Word2Vec is a way to turn individual words into "dense" embeddings with fewer dimensions but many non-zero floating-point values in those dimensions. This is instead of sparse embeddings, which have many dimensions that are mostly zero. The 7-dimensional sparse embedding of 'pen' alone from above would be:

[0, 1, 0, 0, 0, 0, 0]  # 'pen'

如果你训练了一个二维 Word2Vec 模型,它可能会有一个密集的嵌入,比如:

If you trained a 2-dimensional Word2Vec model, it might instead have a dense embedding like:

[0.236, -0.711]  # 'pen'

所有 7 个词都有自己的二维密集嵌入.例如(所有值组成):

All the 7 words would have their own 2-dimensional dense embeddings.
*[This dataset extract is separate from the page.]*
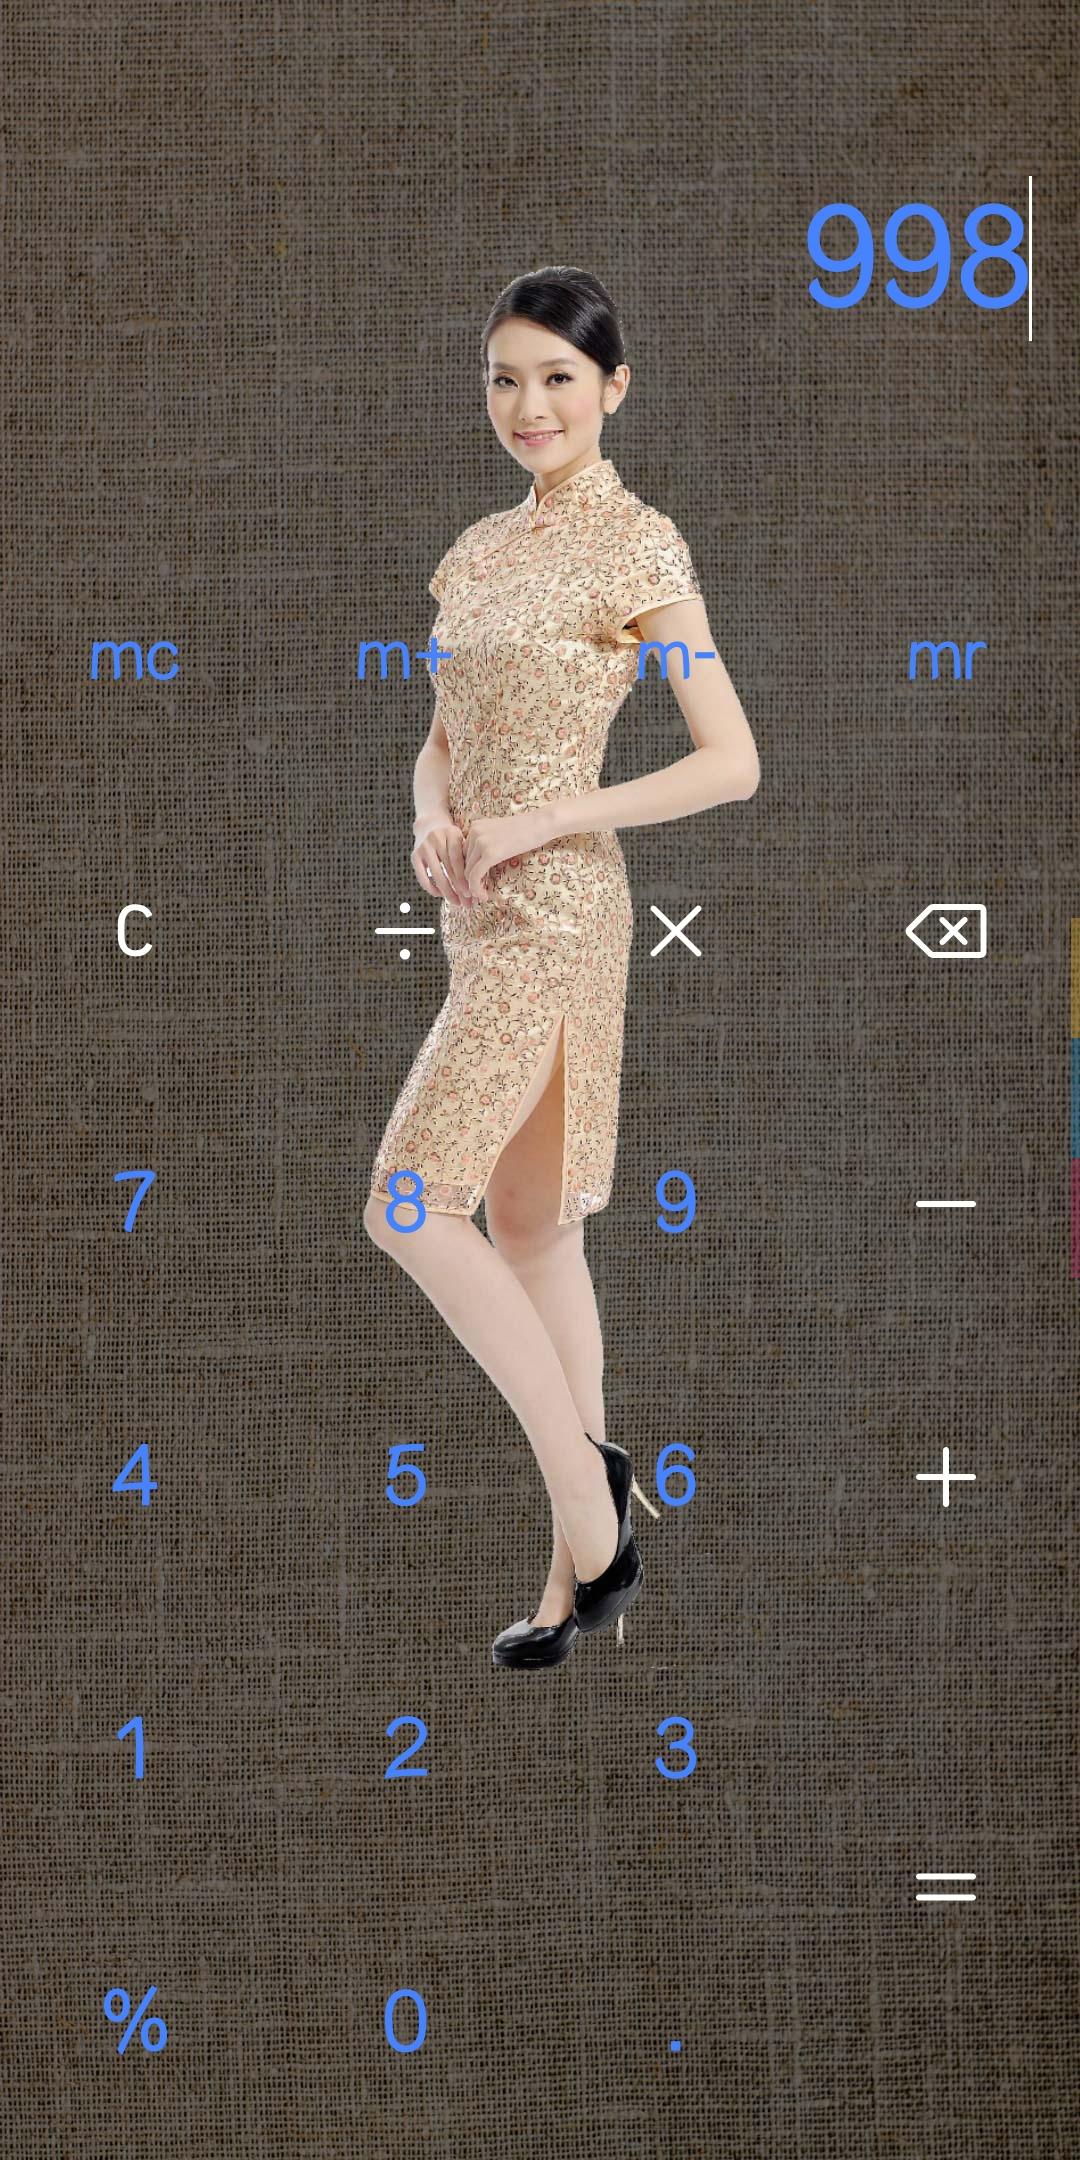 Screenshot_20190318_135838_com.android.calculator2.jpg
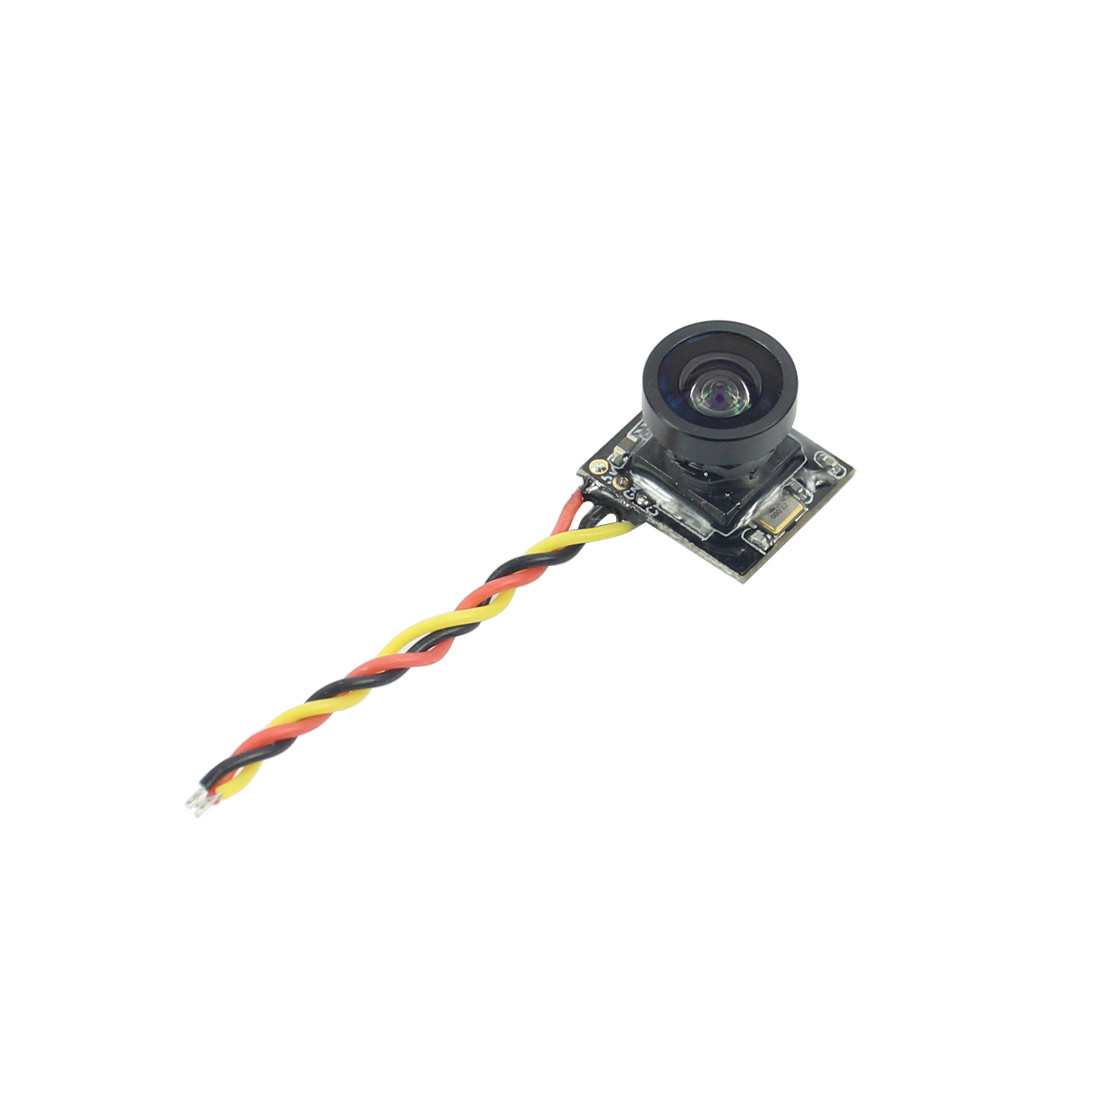 LDARC 199C Mini Camera for TINY 6X FPV Racing Drone RC Racer Quadcopter 1.9g|FPV| |  - title=

For example (all values made up):

[-0.101, 0.271]   # 'a'
[0.236, -0.711]   # 'pen'
[0.302, 0.293]    # 'will'
[0.672, -0.026]   # 'need'
[-0.198, -0.203]  # 'ink'
[0.734, -0.345]   # 'i'
[0.288, -0.549]   # 'have'

如果您有 Word2Vec 向量,那么为较长的文本(如句子)制作向量的另一种简单方法是将句子中单词的所有词向量平均在一起.因此,代替句子的 7 维稀疏向量,例如:

If you have Word2Vec vectors, then one alternative simple way to make a vector for a longer text, like a sentence, is to average together all the word-vectors for the words in the sentence. So, instead of a 7-dimensional sparse vector for the sentence, like:

[1, 1, 0, 0, 0, 1, 1]  # I have a pen

...你会得到一个单一的二维密集向量,如:

...you'd get a single 2-dimensional dense vector like:

[ 0.28925, -0.3335 ]  # I have a pen

同样,基于这些密集嵌入特征,不同的句子之间可以通过距离进行比较.或者这些可以很好地作为下游机器学习过程的训练数据.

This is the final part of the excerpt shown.